Of course for them to become usable for signing up to websites, mailing lists etc, will take much longer. But people may not mind having two email addresses if they can put one on their business card.

After a quick glance at the standard, I belive email providers like Google who support SMTPUTF8 could support having two email addresses transparently to the user.

According to the standard: "If the message cannot be forwarded because the next-hop system cannot accept the extension, it MUST be rejected or a non-delivery message MUST be generated and sent."

Google could preserve a backup ASCII email for all UTF-8 email addresses, which would be used in the case the recipient doesn't support SMTPUTF8.

Of course, I don't know if Google has plans to support this.

> Almost all email moves between only a handful of companies. Google, Microsoft, Yahoo, Facebook, Apple

That's pretty naive. You need to step outside your comfy bubble.

Out of all the small businesses on the internet, how many of them are still running an email server under someone's desk?

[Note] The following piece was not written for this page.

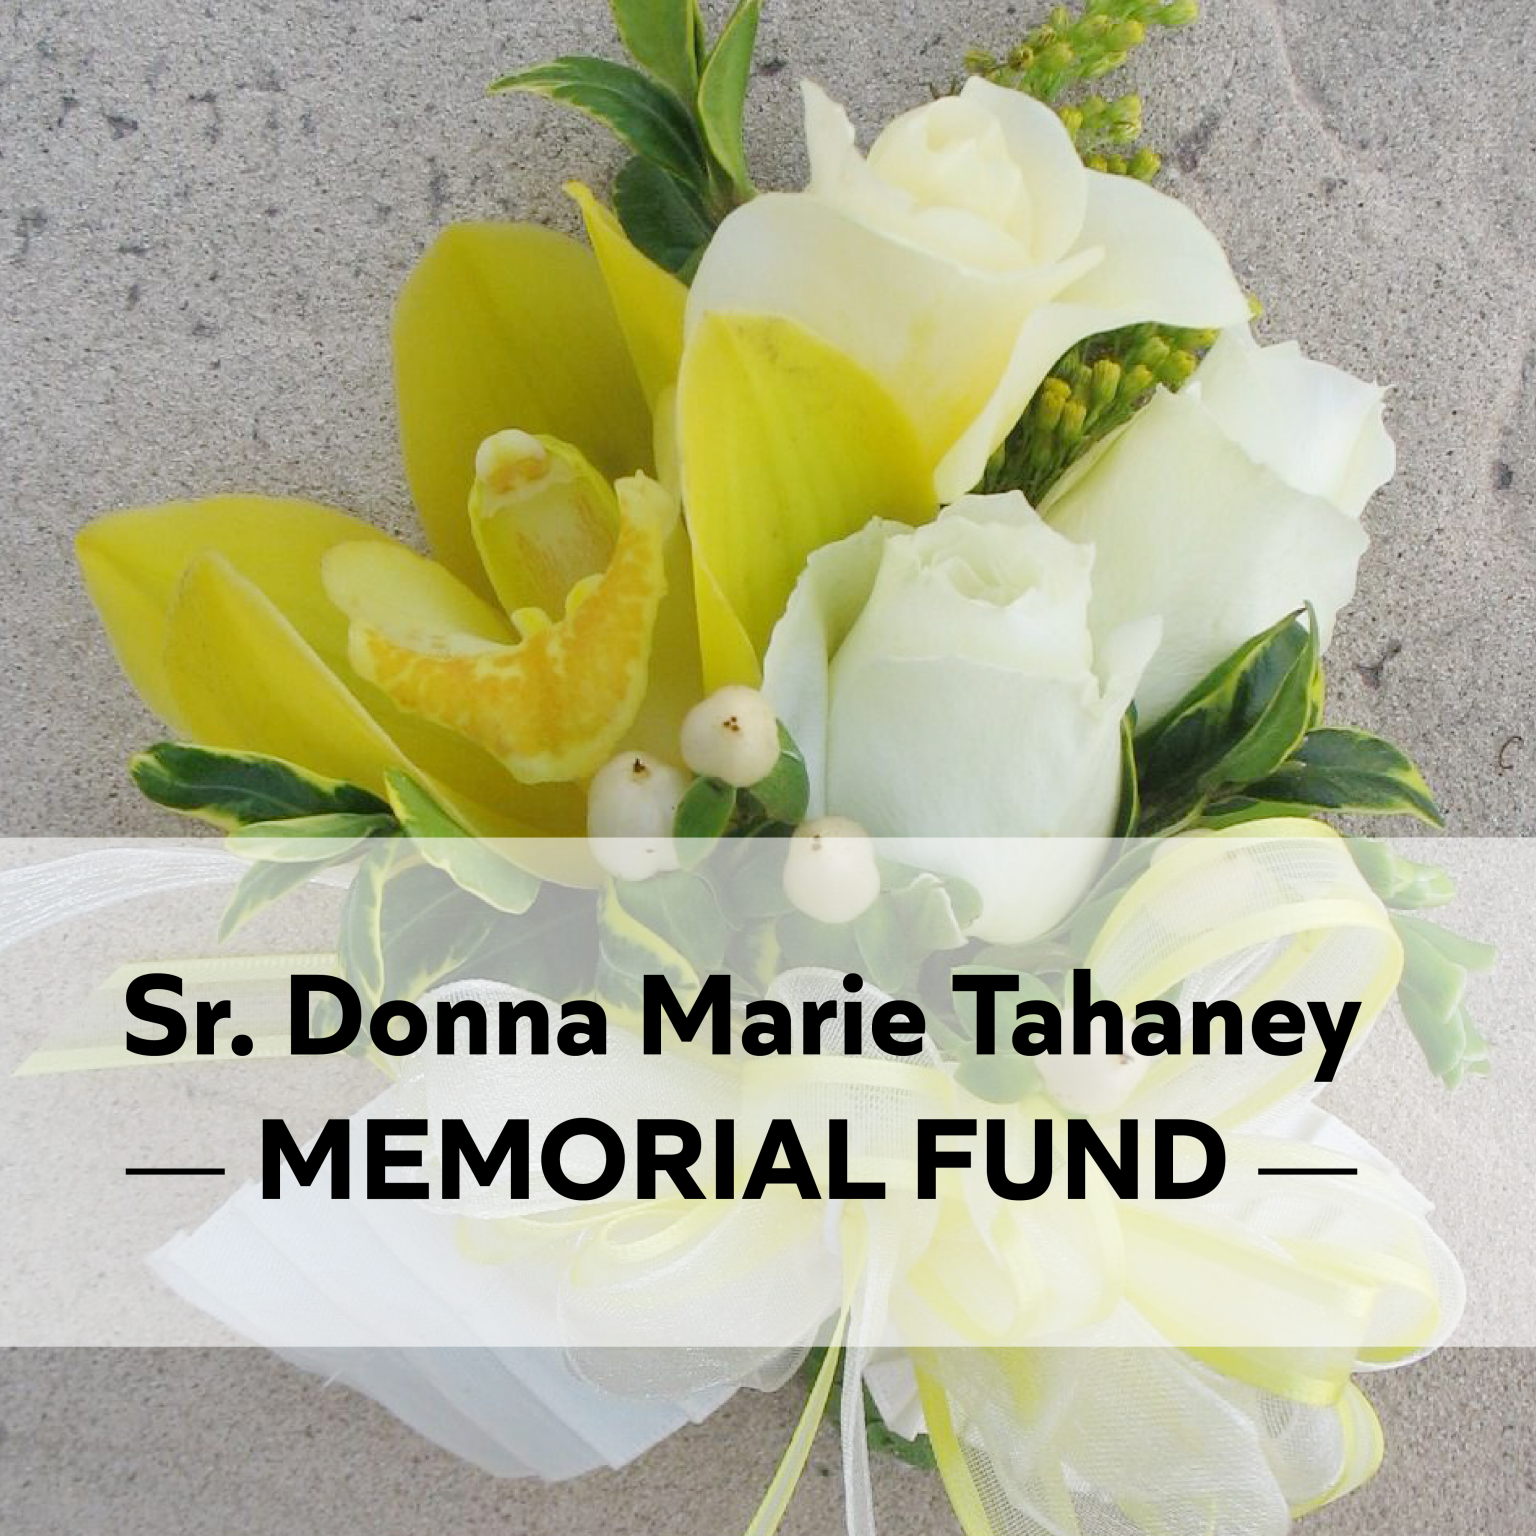 Sr. Donna Marie Memorial Fund

And not to mention, what about all the client-side javascript out there that parses email addresses on web forms? Think about all those throw-away regexes to parse email forms on websites. I've seen a lot of them break just on these new TLDs - and they are ASCII!

This comment is pretty frightening to me. Email is very often used for "mission critical" purposes, not just for exchanging messages with other users (let alone just "with other users of the top 5 providers"). I know that enabling international characters is important for a whole range of reasons, and that's worth some significant costs. But email infrastructure is emphatically not something where "works most of the time" or even "works 95% of the time" is good enough. I think there really is a need for pretty substantial attention to backward compatibility in this case.
While we're at it, can we simplify the grammar of an email address? Does anyone really embed comments in their address?
Out of curiosity, how would I send an email to somebody who's address is in a language I can't type?
In addition to copying the address, you can also use a virtual keyboard to map your existing keyboard to the keyboard of another language. I know that OS X has this built in, and I am assuming Windows does too.
I have a business card and the email address is in a language I don't know how to type (having a virtual keyboard doesn't mean I know how to reproduce the actual characters, which is true for many languages).

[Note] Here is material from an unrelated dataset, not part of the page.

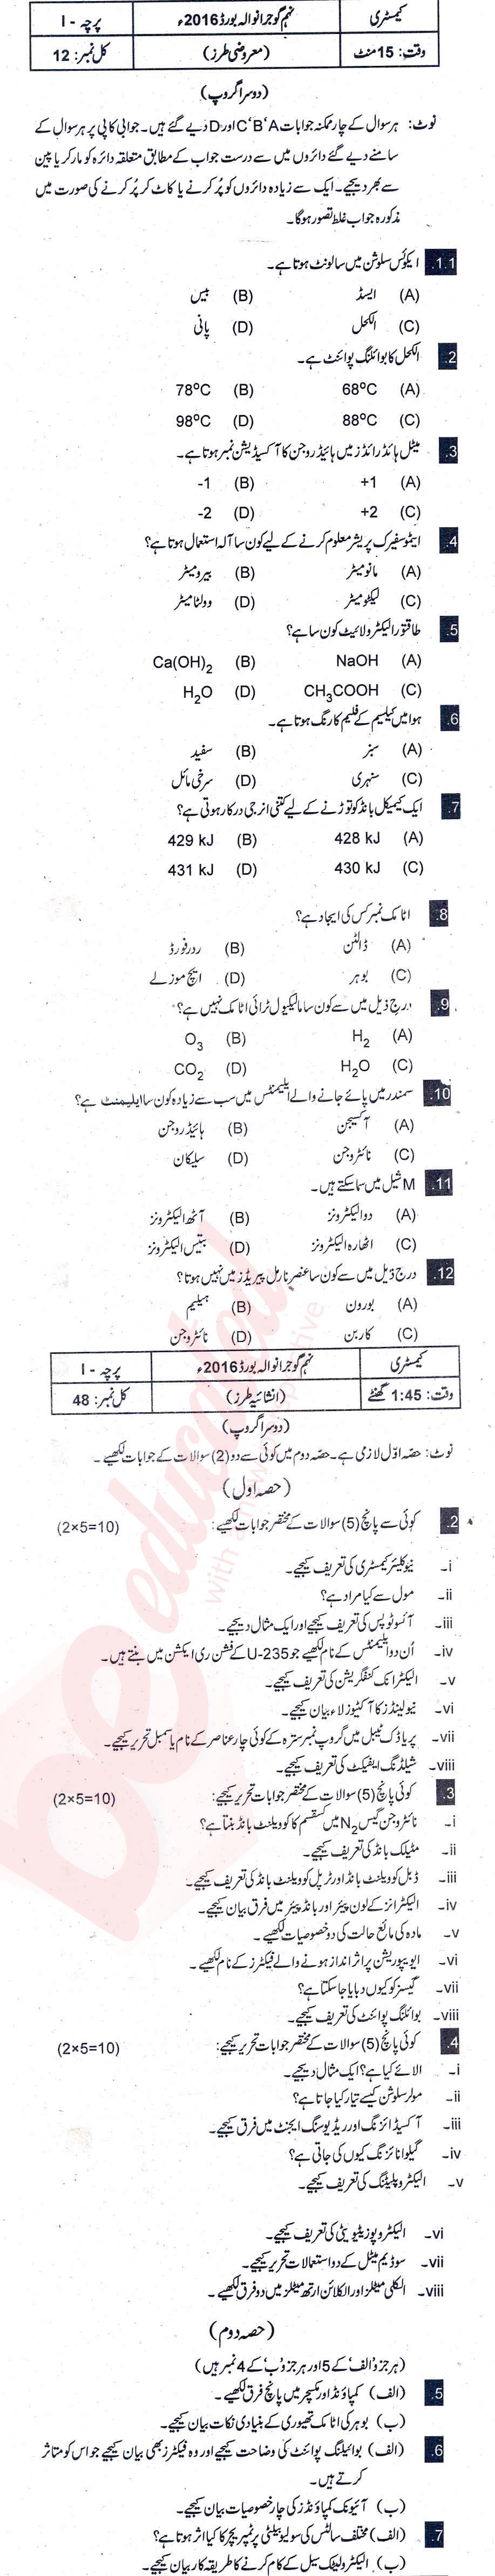 Chemistry 9th Urdu Medium Past Paper Group 2 BISE Gujranwala 2016

Or worse, somebody is trying to give me their address over the phone.

Here's an example: Try to figure out how to type:

宮本茂@任天堂株式会社.com

Here's another I'm pretty certain I can't figure out with a virtual keyboard.

প্রিয়াংশু.চ্যাটার্জী@बॉलीवुड.com

How about mixed languages? Like the case of a foreign worker assigned to another foreign department in yet a third country.

김기덕@बॉलीवुड.ประเทศไทย.com

I'm not going to tell you what languages these are in. Just pretend you were handed these on business cards or saw them on a slide deck at a conference and can't get a digital copy. Let me know how it goes.

Copy & Paste?
I wonder how gmail will handle the type-ahead for addy's in diff languages. Especially since I only type in US English.
Good luck typing in those characters, or even knowing how to pronounce them if you had a "sounds-like" index.
So, about those email validation regexes...
A refresher, for people who might not have come across this before: parsing even a limited subset of all possible email addresses with a regex is hard

http://www.ex-parrot.com/pdw/Mail-RFC822-Address.html.

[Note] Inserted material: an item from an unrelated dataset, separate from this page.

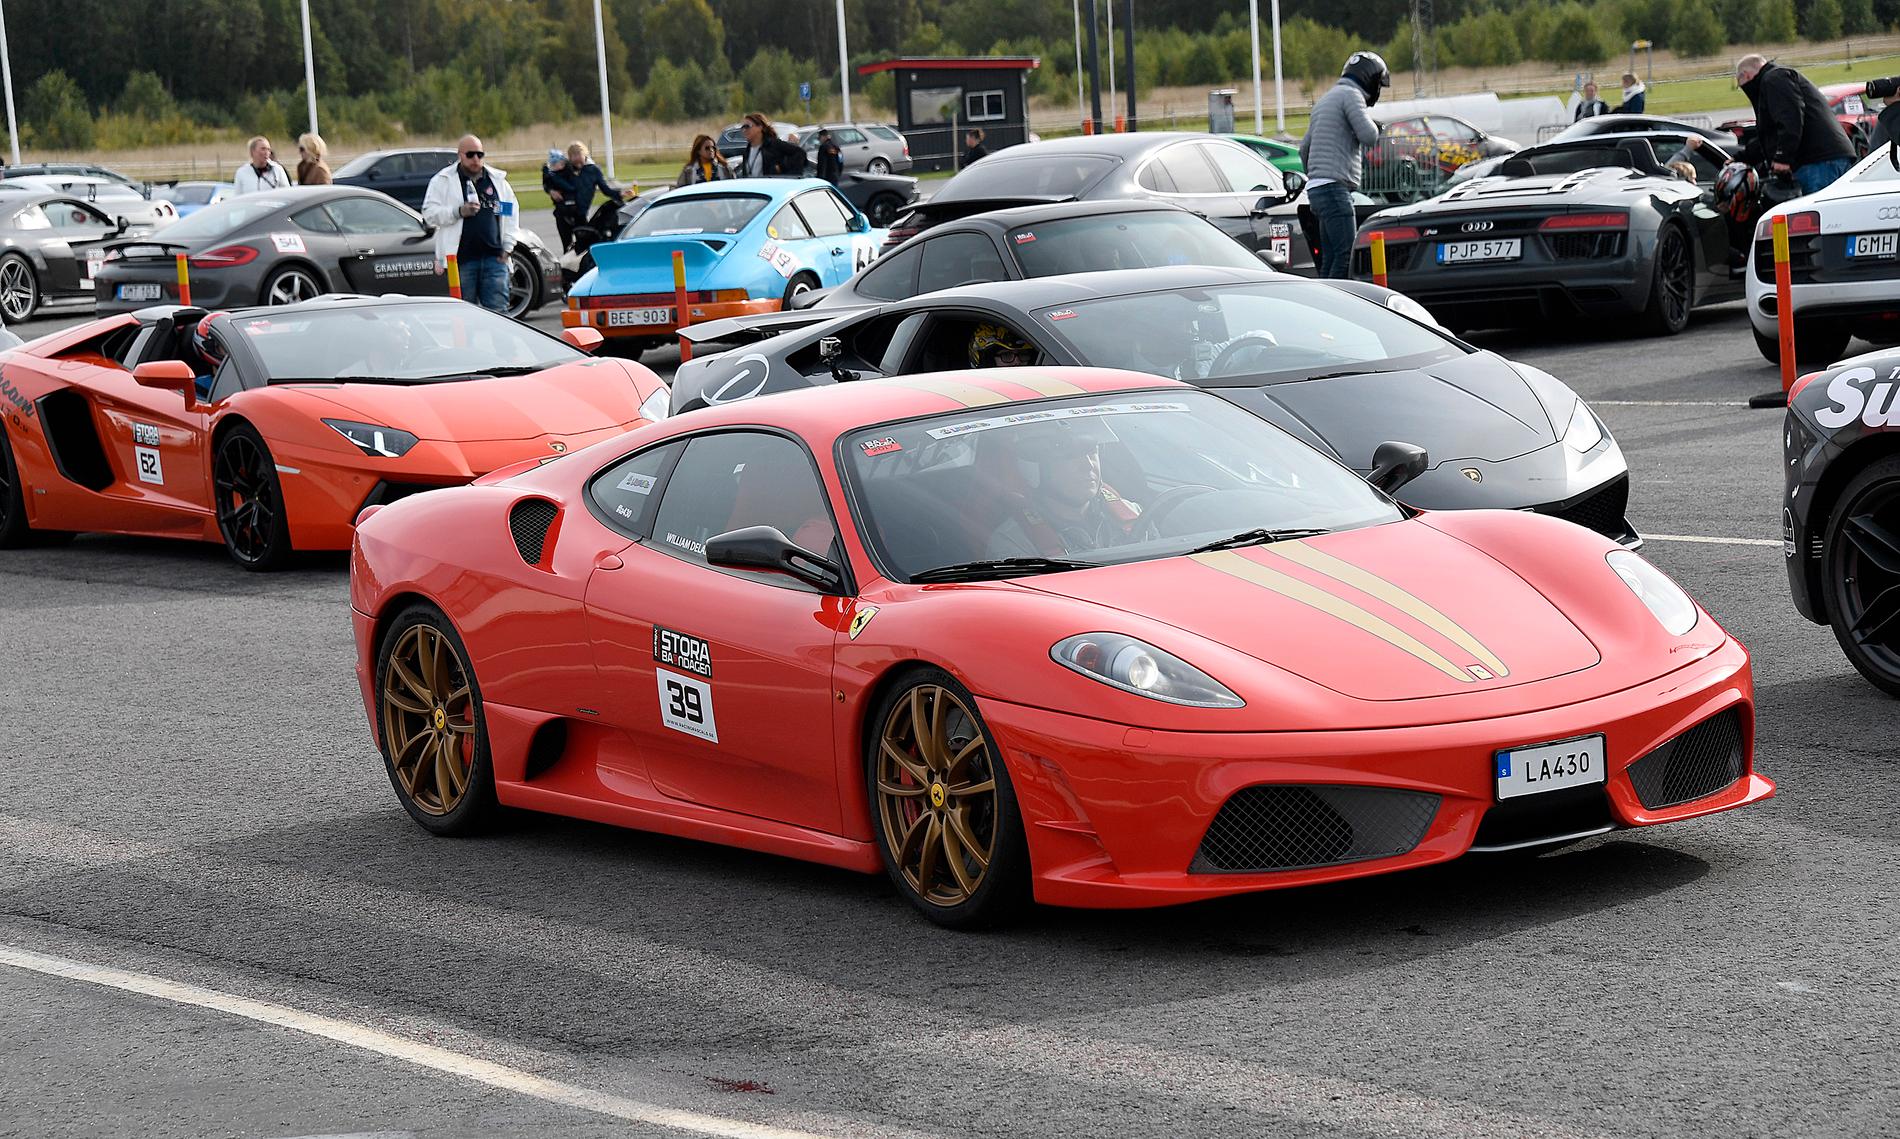 En av många röda Ferrari på plats, just den här en 430 Scuderia.

Does it mean Gmail now support creating non-latin email addresses for Google account? I tried creating one now (in US) and got: "Please use only letters (a-z), numbers, and periods."
Does it support emoji?
If it supports all characters defined by the Unicode standard, then it should. However, it wouldn't surprise me if Google blacklists the non-language symbols (like the emoji, shapes, etc.) because it is not within the scope of their goal. You can't read emoji like a word, so it wouldn't work well with the goal of making email addresses readable.